Other cable-based security solutions, such as the Lock Alarm Mini, use a thinner cable and sound an alarm if anyone tampers with or cuts through the cable. The Mobile Laptop Alarm NB-3500p from Trust works along similar lines, but using wireless technology: a tag is attached to the laptop, and you place the corresponding key fob in your pocket. If the tag is separated from the key fob by 5m or more, the alarm sounds.
For smartphones and tablets, it’s also possible to obtain key fobs that track the devices using their built-in Bluetooth connection, so you don’t need a separate tag – see, for example, the Kensington Proximo Key Fob Bluetooth Tracker. These devices won’t prevent a thief from grabbing your laptop or phone in the first place, but it’s unwise to rely on only a single means of protection, and alarms can make a useful addition to the mix.

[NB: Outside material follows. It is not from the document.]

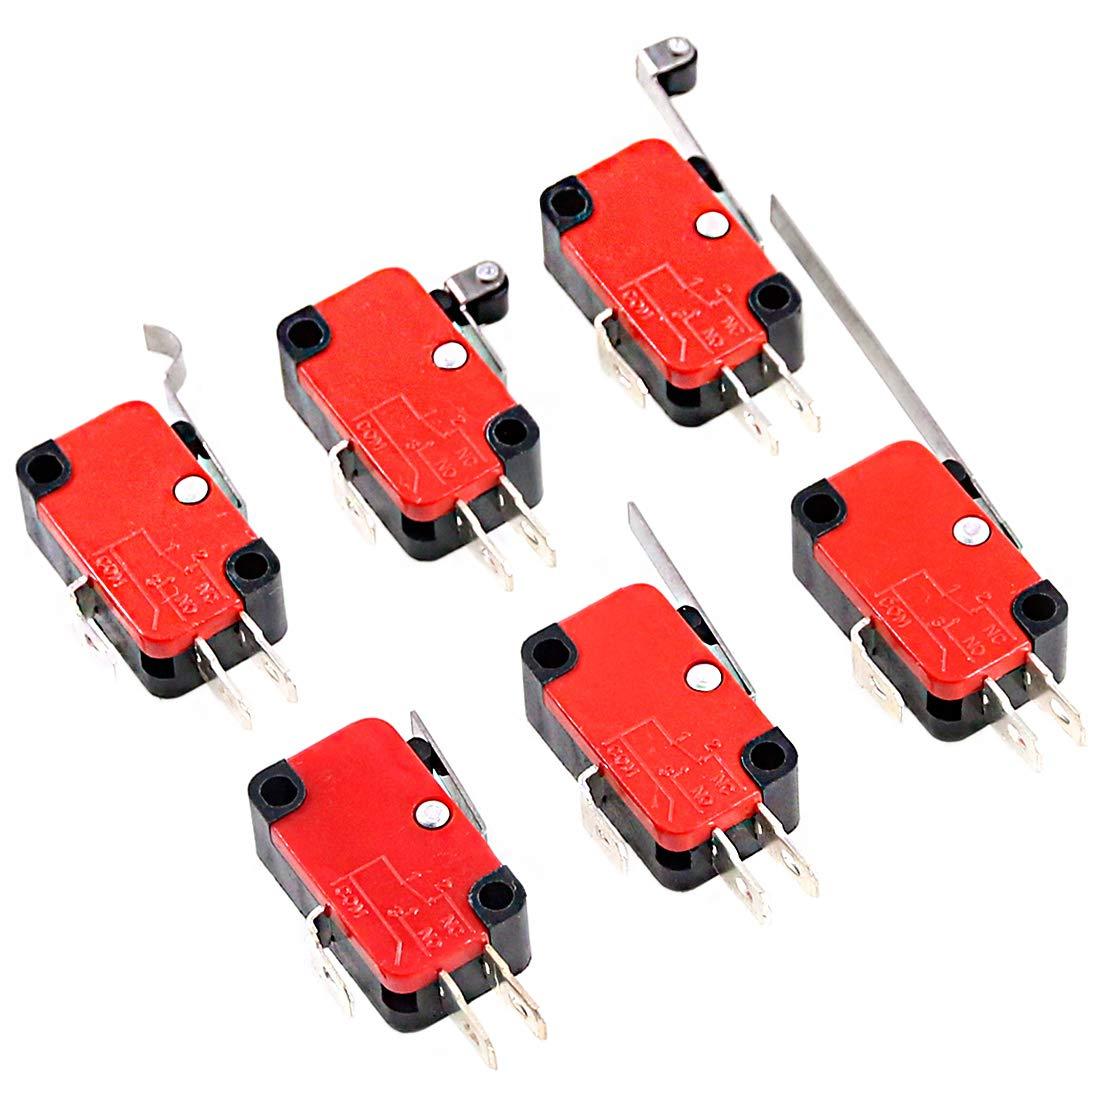 Swpeet 10Pcs V-151-1C25 Micro Selling Limit Long Mom Portland Mall Hinge Switch Roller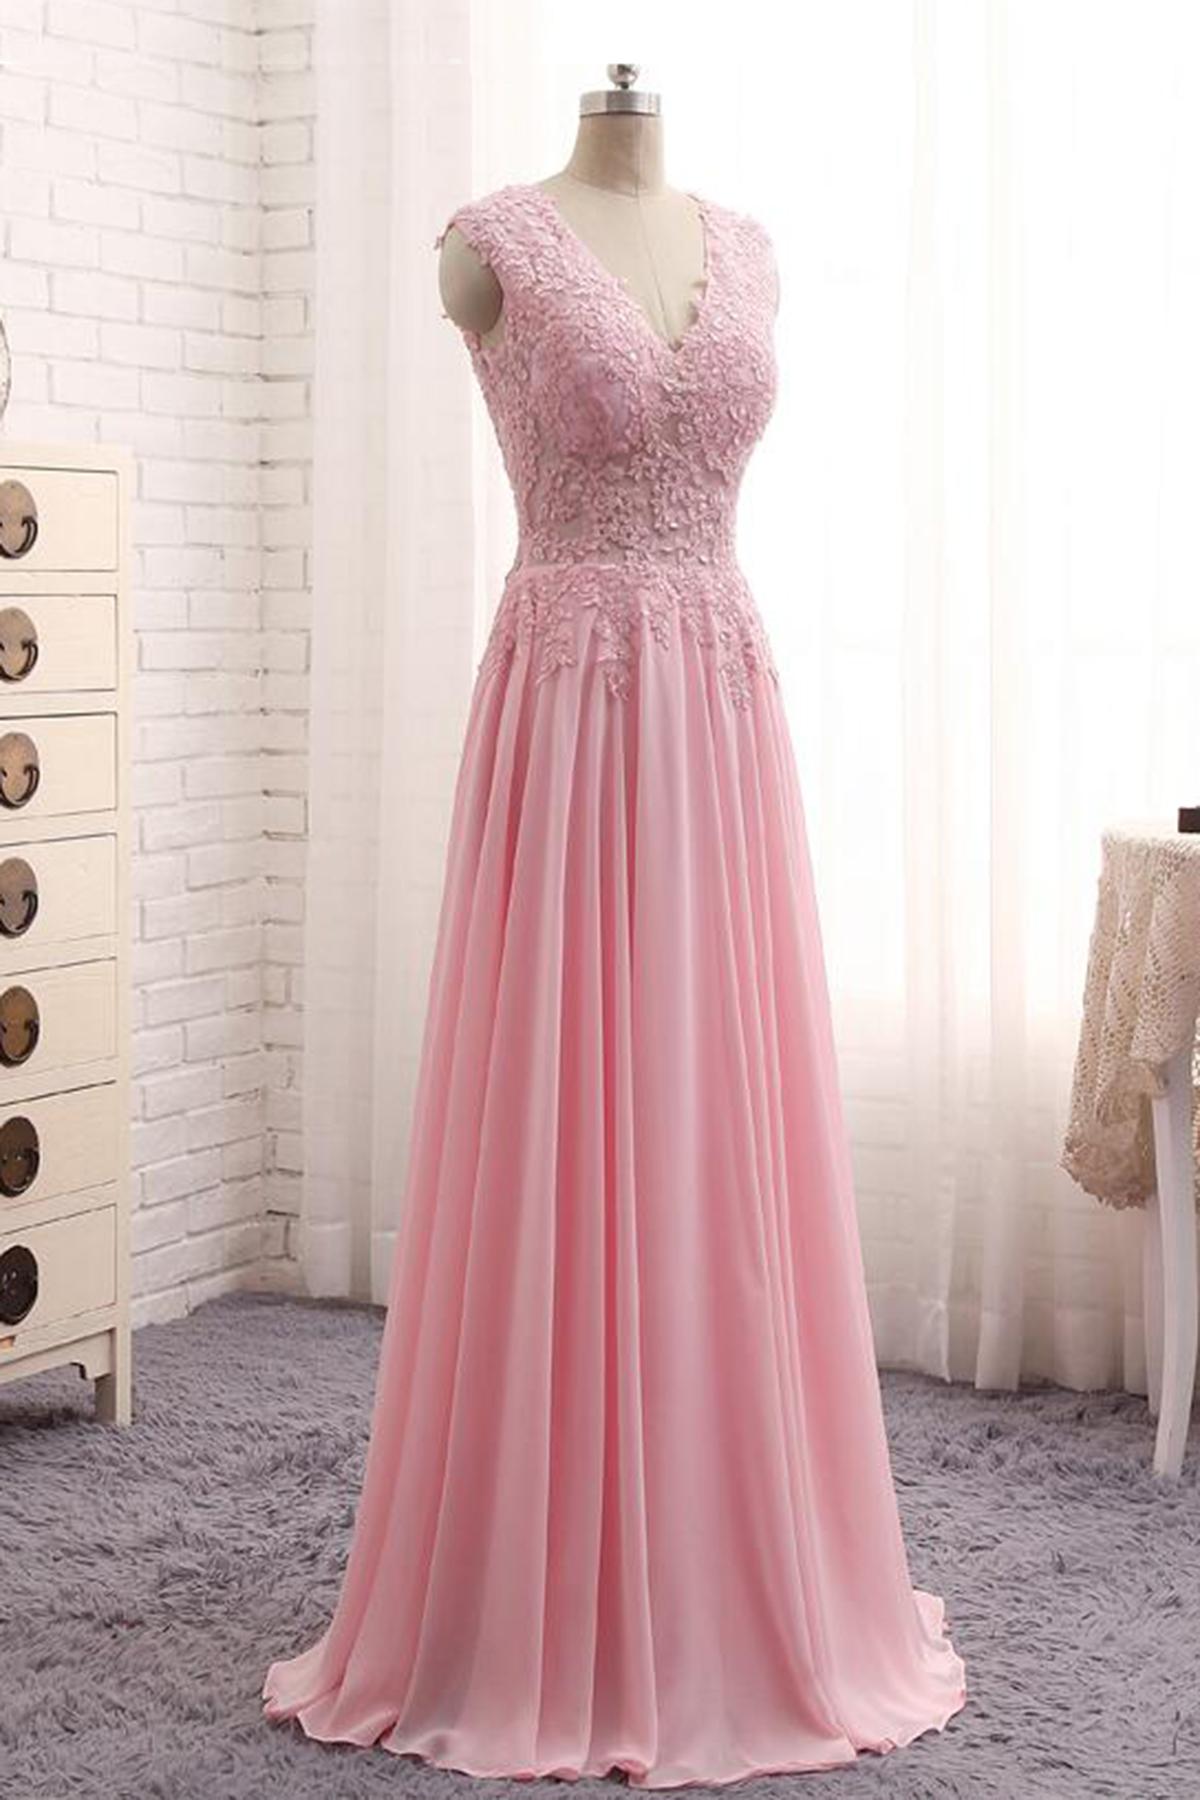 Cheap Prom Dresses by SweetheartDress  Elegant pink lace long Aline senior prom dress pink

Strictly speaking, insurance isn’t about preventing theft, but mitigating its impact. However, part of protecting yourself against the risk of theft is ensuring that your equipment is covered. We spoke to the Insurance Brokers’ Association, which provided the following advice.
First, don’t assume that equipment will be covered under either your home contents or business policy when it’s away from those places. Some contents insurance policies can be extended to cover this, but do check first. If you use your own personal equipment for work, it too may not be covered under your home contents insurance, although it may be protected under your employer’s policy.
Most policies also won’t cover you if you leave your property for a long time, usually around 30 days in a row. The bottom line is, if you’ve taken out a standard policy and haven’t checked what’s covered, you’re setting yourself up for a nasty surprise.
You should also be aware that most insurers impose a single-item limit – a maximum amount they’ll pay for any individual item, regardless of its value. If that’s a problem, you may be able to take out a specialised gadget insurance policy, covering more expensive single items and offering quick replacements for important portable items.
Finally, most standard business insurance policies won’t cover the loss of data and productivity, although specialist policies exist that will cover these losses as part of business interruption. You should speak to a broker so they can find a policy that covers their needs.